As revealed by the following quotation, however, von Kries was keenly aware of the fact that important problems remained to be solved, particularly with regard to the complex cone mechanism:
… it may be considered as extremely probable that the organisation in three components assumed in the Helmholtz theory does not apply to the organ of vision as a whole, but only to those parts that are directly exposed to the action of light and a more or less extended series of parts connected with them; and that, on the other
40 development of the basic ideas of the duplicity theory
hand, the final results, the immediate substrata of the sensations, are themselves of a different nature; and hence that somewhere along the route the three independent results of stimulus are transformed into processes of a different kind and composition. As to these processes, nothing can be said with certainty, in the writer’s opinion, except that in them the colourless sensation has some outstanding physiological significance (von Kries, 1911, pp. 431–432).

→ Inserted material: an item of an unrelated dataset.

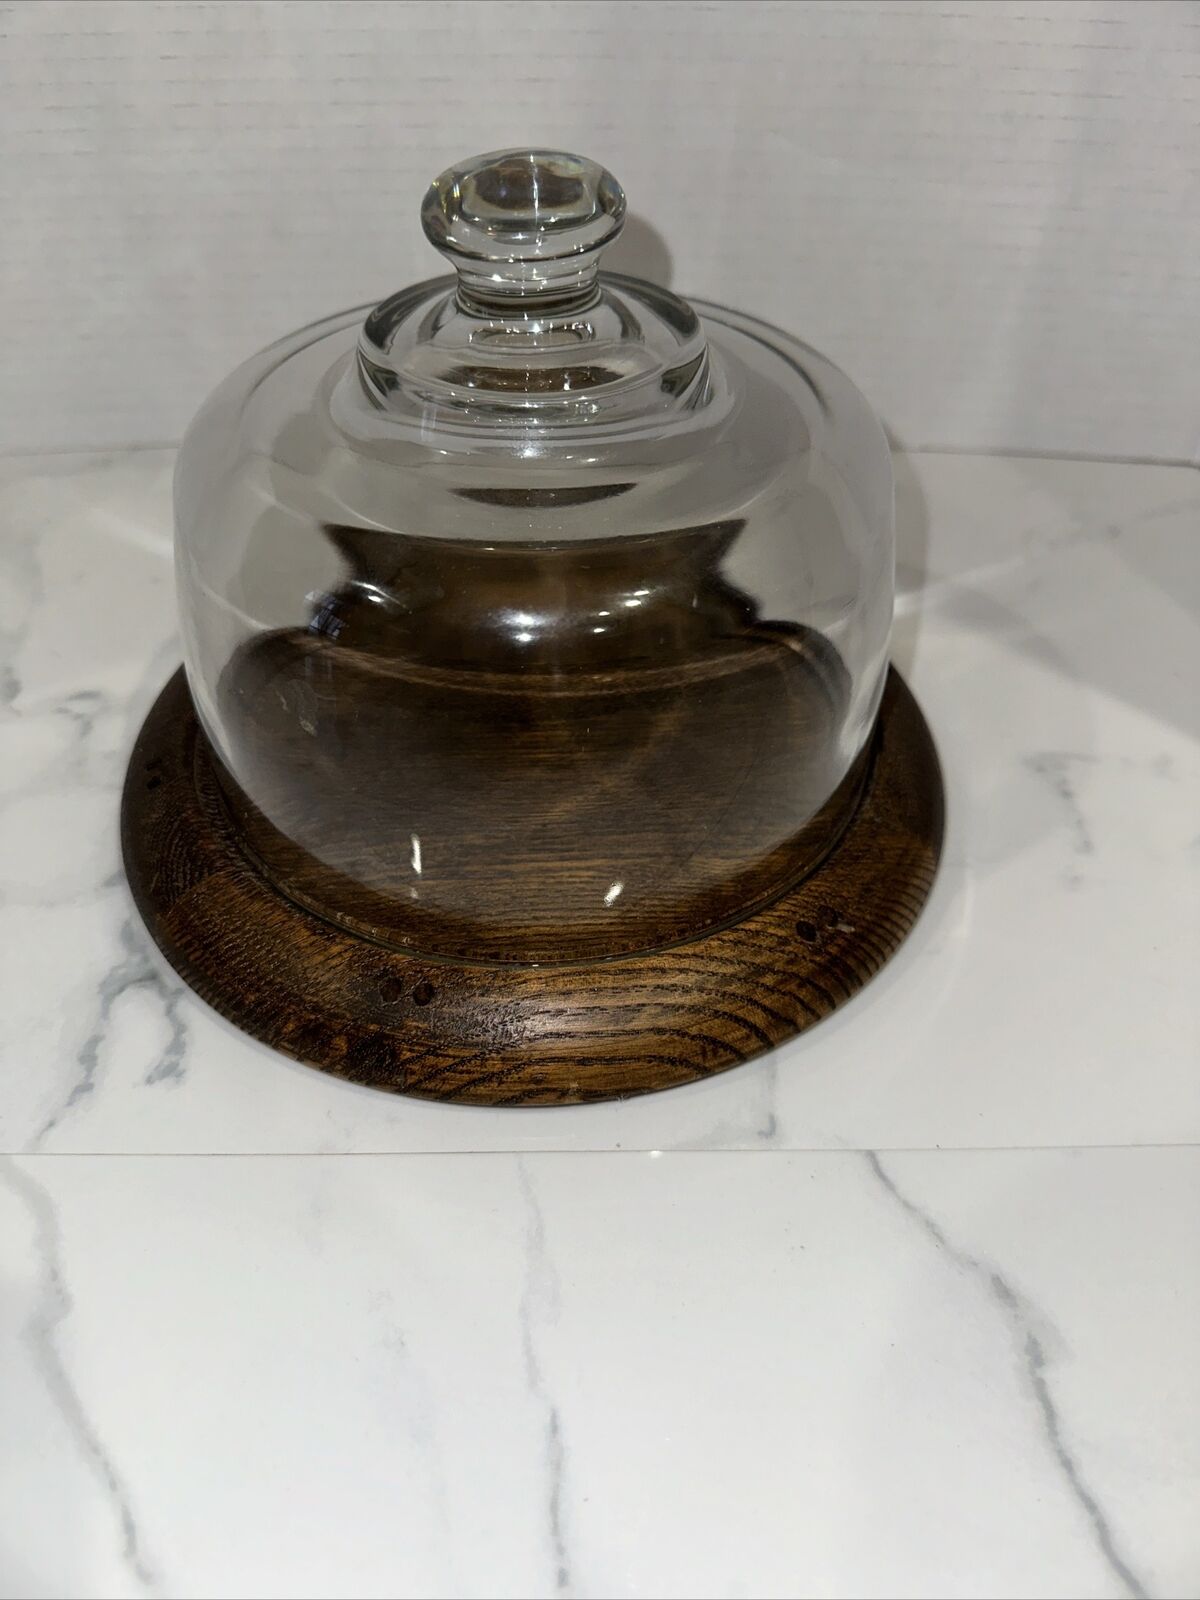 VINTAGE GLASS CLOCHE WITH WOODEN BASE DOME CHEESE BOARD OR DECOR Appx 7x7 Inches

It will be seen that the duplicity theory offered by von Kries, like the Young-Helmholtz colour theory, had little to say about the actual neurophysiological colour processing beyond the receptor level. This ignorance is perhaps best illustrated by Helmholtz’s (1896) final version of the Young-Helmholtz colour theory where he simply suggested that the colour-related processes from each receptor were independently transmitted to the brain through isolated nerve fibres.